WordContent (crates/talkbank-model/src/model/content/word/content.rs) is the enum of everything that can appear inside a word body. Each variant maps directly to a grammar node.

Grammar node	`WordContent` variant	Rust type	Example
`word_segment`	`Text`	`WordText(NonEmptyString)`	`hello`, `want`
`word_segment` in a `@u` word	`Phonetic`	`WordPhonetic(NonEmptyString)`	`rɛmbə˞` in `rɛmbə˞@u`
`shortening`	`Shortening`	`WordShortening(NonEmptyString)`	`(be)` in `(be)cause`
`overlap_point`	`OverlapPoint`	`OverlapPoint`	`⌈`, `⌉2`
`ca_element`	`CAElement`	`CAElement`	`↑`, `↓`
`ca_delimiter`	`CADelimiter`	`CADelimiter`	`∆`, `°`
`stress_marker`	`StressMarker`	`WordStressMarker`	`ˈ` primary, `ˌ` secondary
`lengthening`	`Lengthening`	`WordLengthening { count: u8 }`	`:` = 1, `::` = 2, `:::` = 3
(caret in word)	`SyllablePause`	`WordSyllablePause`	`^` in `o^ver`
`underline_begin`	`UnderlineBegin`	`UnderlineMarker`	`\x02\x01`
`underline_end`	`UnderlineEnd`	`UnderlineMarker`	`\x02\x02`
`+` (compound)	`CompoundMarker`	`WordCompoundMarker`	`+` in `ice+cream`
`~` (clitic boundary)	`CliticBoundary`	`WordCliticBoundary`	`~` in `le~ha`

cleaned_text()

Word::cleaned_text() derives NLP-ready text from content by concatenating only Text, Phonetic, and Shortening variants:

pub fn compute_cleaned_text(&self) -> String {
    let mut result = String::new();
    for item in &self.content {
        match item {
            WordContent::Text(t) => result.push_str(t.as_ref()),
            WordContent::Shortening(s) => result.push_str(s.as_ref()),
            _ => {}
        }
    }
    result
}

This works because the purity invariant guarantees that Text elements never contain structural markers. There is nothing to strip.
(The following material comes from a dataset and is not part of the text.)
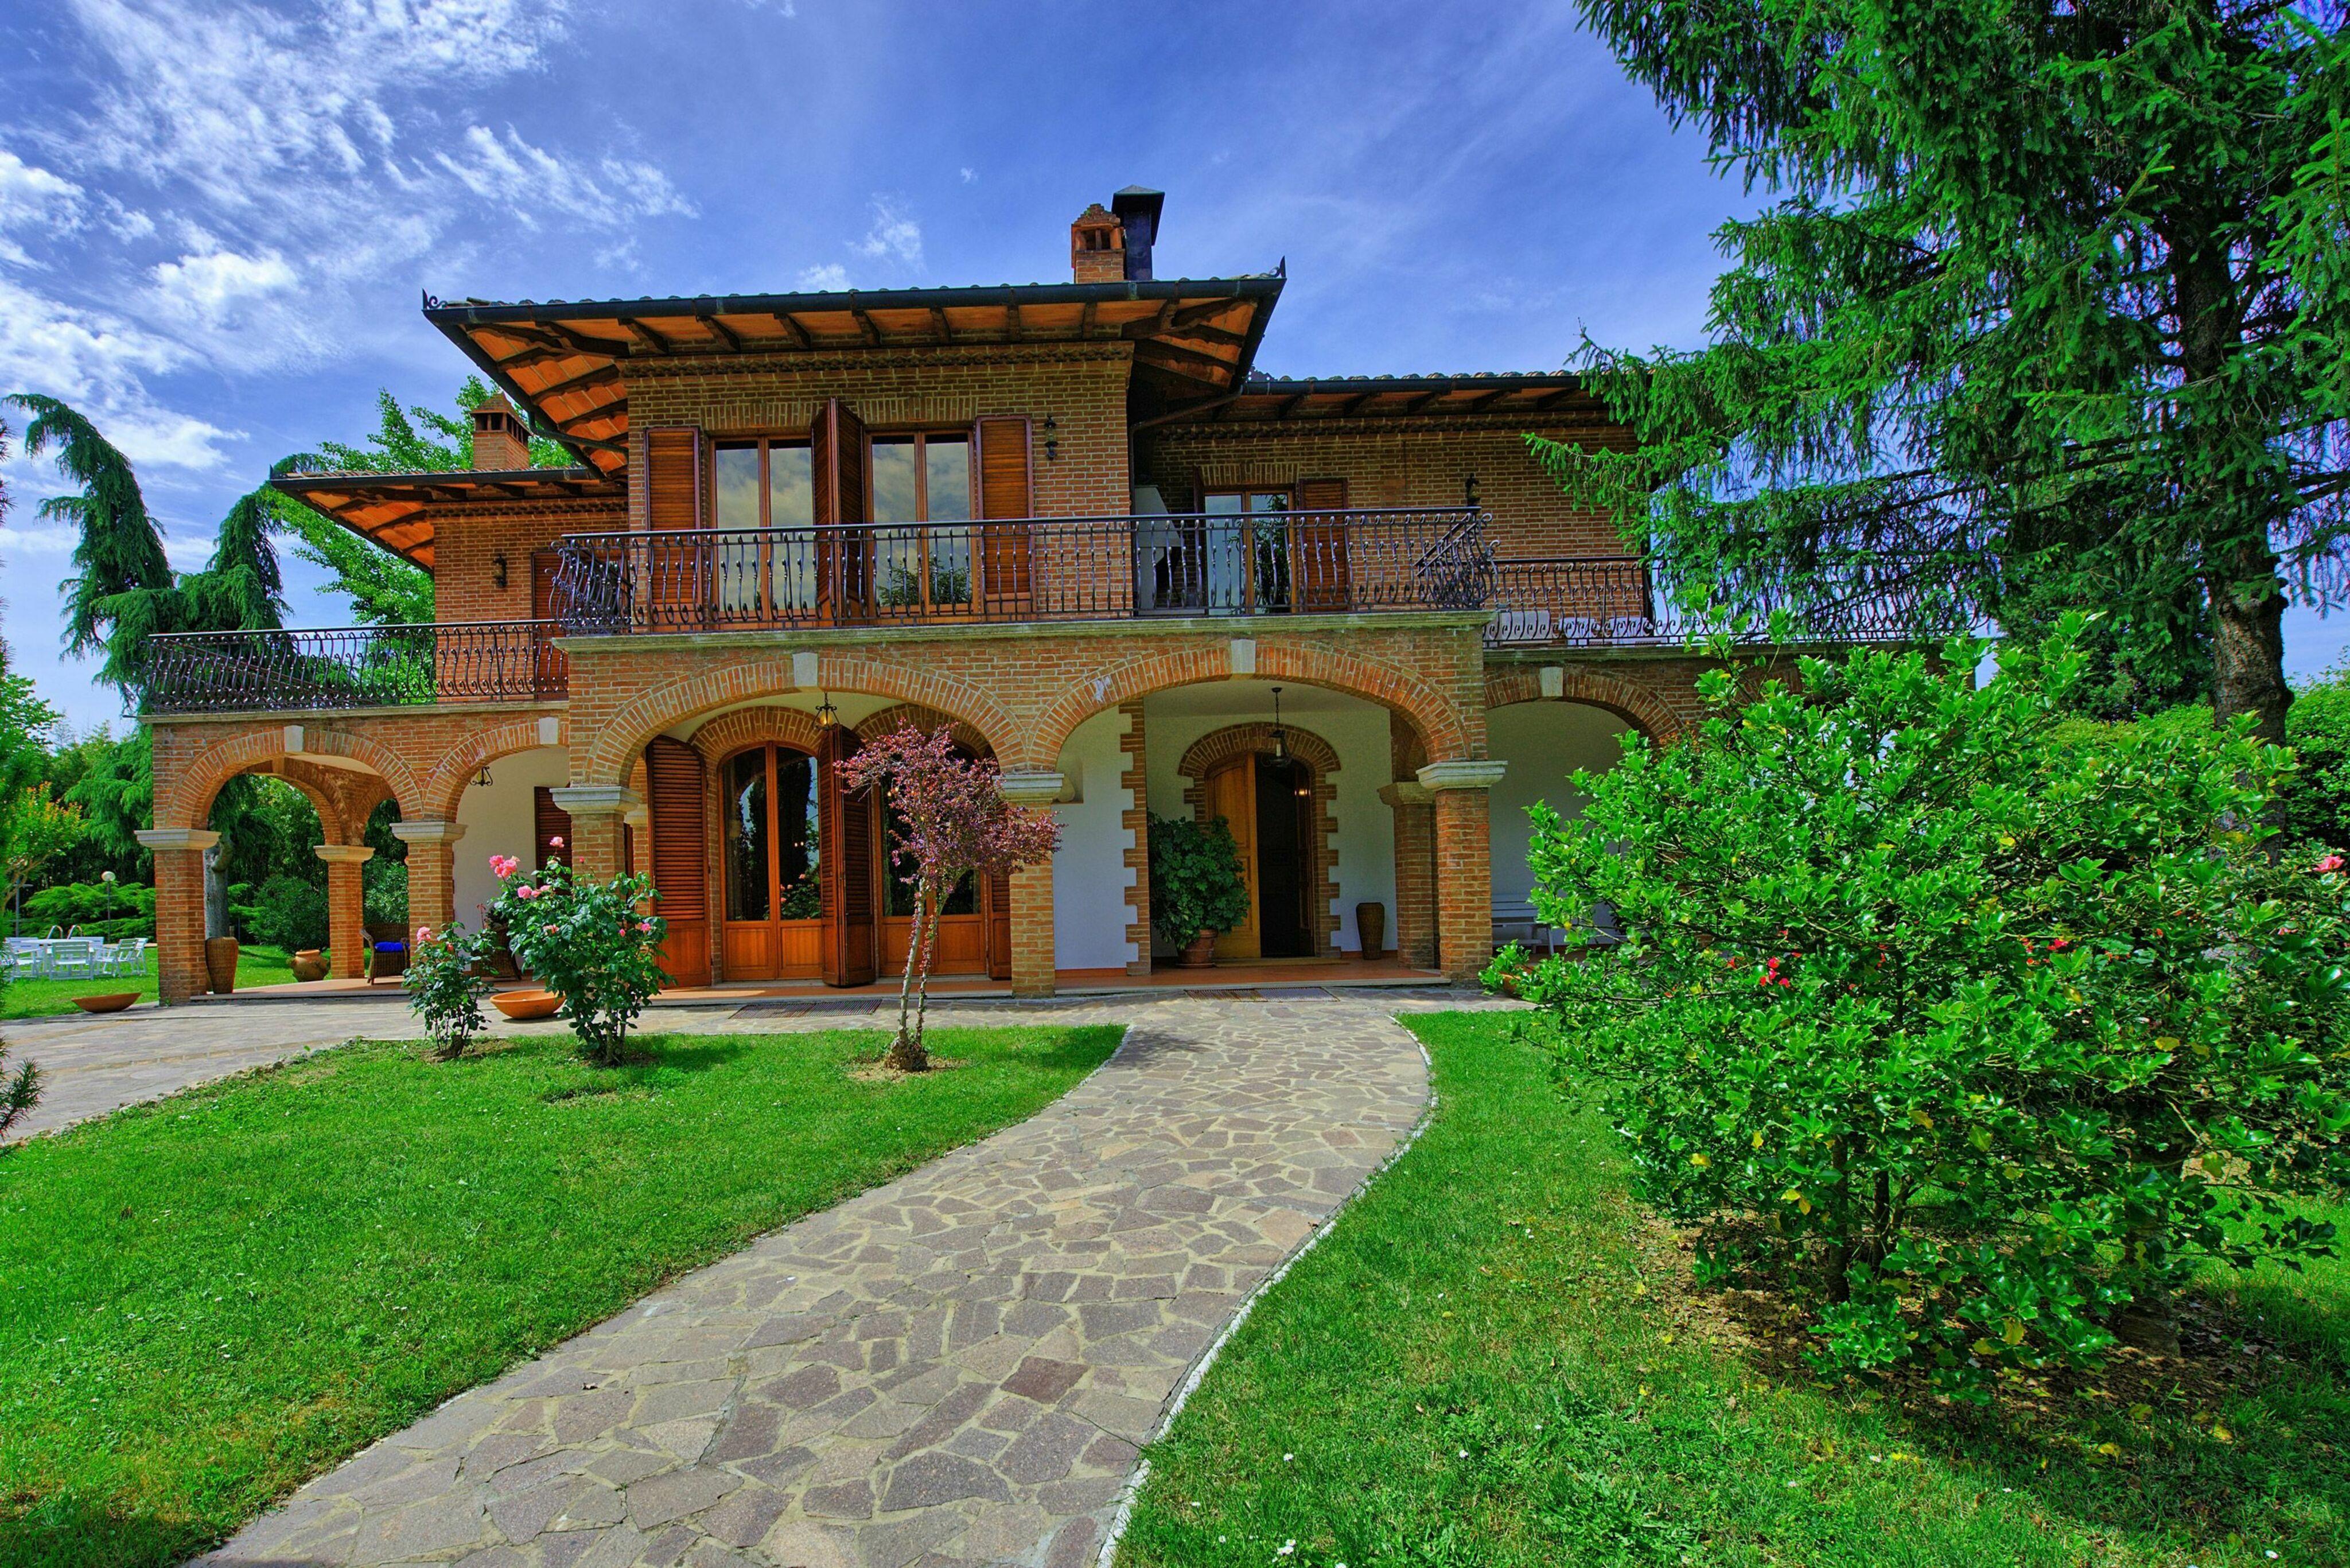 Villa Lauretana Torrita Di Siena

`@u` phonetic forms are typed phonetic content

A @u word is a phonetic transcription (historically UNIBET, now usually IPA) standing in a word slot: used when the orthographic word is unknown, unintelligible, or a paraphasia, frequently the spoken side of a [: target] replacement in aphasia data (rɛmbə˞@u [: remember]). Because its content obeys phonetic conventions rather than orthographic word conventions, the parsers fold a @u word’s body into a single WordContent::Phonetic(WordPhonetic) node instead of Text. This makes “orthographic rules apply to orthographic words only” a property of the model: word-hygiene rules structurally cannot reach phonetic content. The phonetic string itself is deliberately lenient (IPA, ASCII UNIBET, and X-SAMPA all pass; only non-emptiness is enforced), matching the %pho tier’s PhoWord stance. In to-json output the node appears as {"type": "phonetic", "content": "..."}, and cleaned_text remains the phonetic string verbatim. The scope is @u only: sibling special forms (@b, @o, …) remain orthographic words.

Examples:

Input	`content`	`cleaned_text()`
`hello`	`[Text("hello")]`	`hello`
`(be)cause`	`[Shortening("be"), Text("cause")]`	`because`
`no::`	`[Text("no"), Lengthening(2)]`	`no`
`ice+cream`	`[Text("ice"), CompoundMarker, Text("cream")]`	`icecream`
`le~ha`	`[Text("le"), CliticBoundary, Text("ha")]`	`leha`
`ja^ja`	`[Text("ja"), SyllablePause, Text("ja")]`	`jaja`
`he↑llo`	`[Text("he"), CAElement(PitchUp), Text("llo")]`	`hello`
`°soft°`	`[CADelimiter(Softer), Text("soft"), CADelimiter(Softer)]`	`soft`
`ˈhello`	`[StressMarker(Primary), Text("hello")]`	`hello`
`⌈hello⌉`	`[OverlapPoint(TopBegin), Text("hello"), OverlapPoint(TopEnd)]`	`hello`

The result is cached via OnceLock on first access.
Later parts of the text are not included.